Chambers, however, goes even farther with the characterization of the alien races and dives head-first into their sexual life and interspecies relationships. This, just like the rest of the book, is done very gently and in good taste. To take matters further, one of the main arcs of the story concerns the relationship between one of the ship’s techs and the ship’s artificial intelligence. As weird as all these relationships sound, they are portrayed in a plausible way, as much as anything in this book can be considered plausible.
The author also tackles different planets and spaceports. While also very descriptive, here she can’t help herself but fall back onto some existing tropes. There is the marshy and wet planet of the lizards. A dry and arid planet, plagued by crickets living in deep canyons, is the home to independent homesteaders. This is very evocative of the Wild West.
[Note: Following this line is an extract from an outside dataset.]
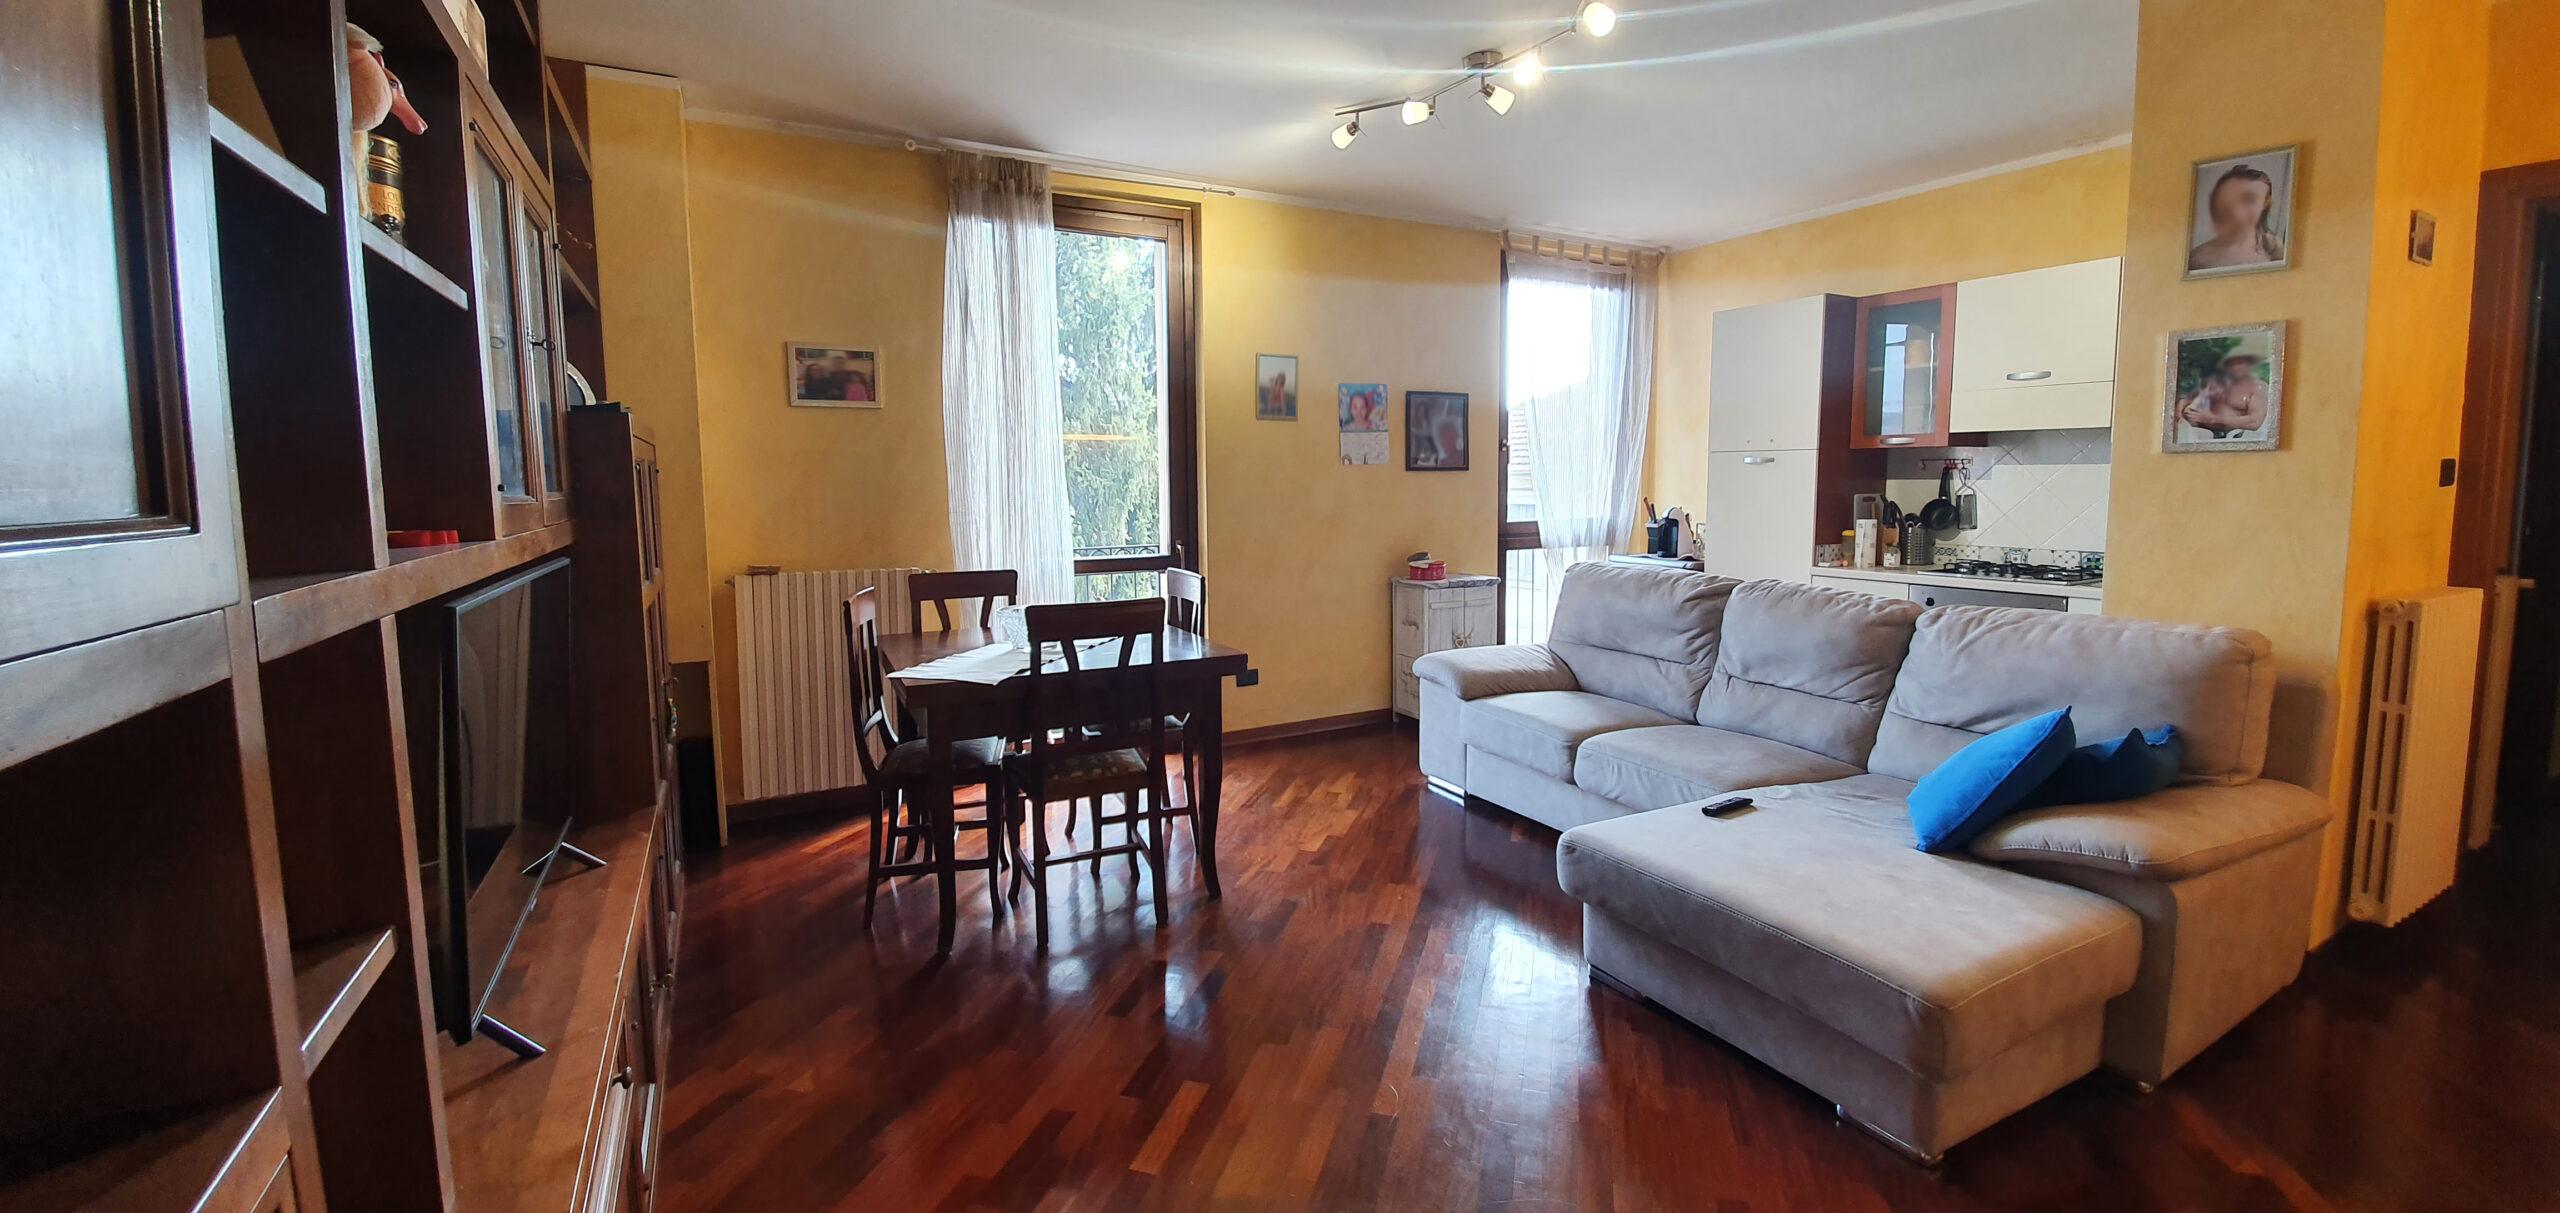 Appartamento bilocale in vendita a Turbigo

The planet of the techies and tinkerers tends to be full of narrow crowded streets, street vendors with their little carts, and dark corners where a person would get stabbed for their implants. And then there is the titular angry planet, which is still very tectonically active, home to just as angry and unpredictable race. Chambers fares a little better with other environmental elements, especially the food of the future. I’m not yet ready to try fried insects, but she makes them sound somewhat appealing…
The book also excels in character development. Some of it is subtle, dependent on the interaction between characters than the actual change in a single person. One notable exception is my favorite character, Corbin. He is a human male, responsible for growing and maintaining the ship’s fuel source, algae. He clearly has a mental condition, be it obsessive compulsive syndrome or Asperger’s. He is focused purely on his work, to the point where he can get aggressive towards anyone he perceives as a threat to his algae. When his personal crisis hits him, his psyche is shredded and rebuilt. The transformation is rather radical, but also very believable: he doesn’t become a new person; instead, he becomes at peace with who he is, and uses it as a source of strength to make some unpopular decisions. Other characters get their own development arcs, not as radical as Corbin’s, but just as intriguing.
I have nothing to criticize in this book. The Long Way is unique, well written, and does exactly what it sets out to be: a worldbuilding tour de force, focusing on characters instead of conflict. Its pleasantly flowing narrative stands in stark contrast with the prevailing trend of action-oriented or concept-driven science fiction, and in this regard, I find the novel essential within its genre. I can highly recommend the book to anyone willing to try something slower and cozy. The Long Way to a Small, Angry Planet is definitely on my list of modern science fiction classics.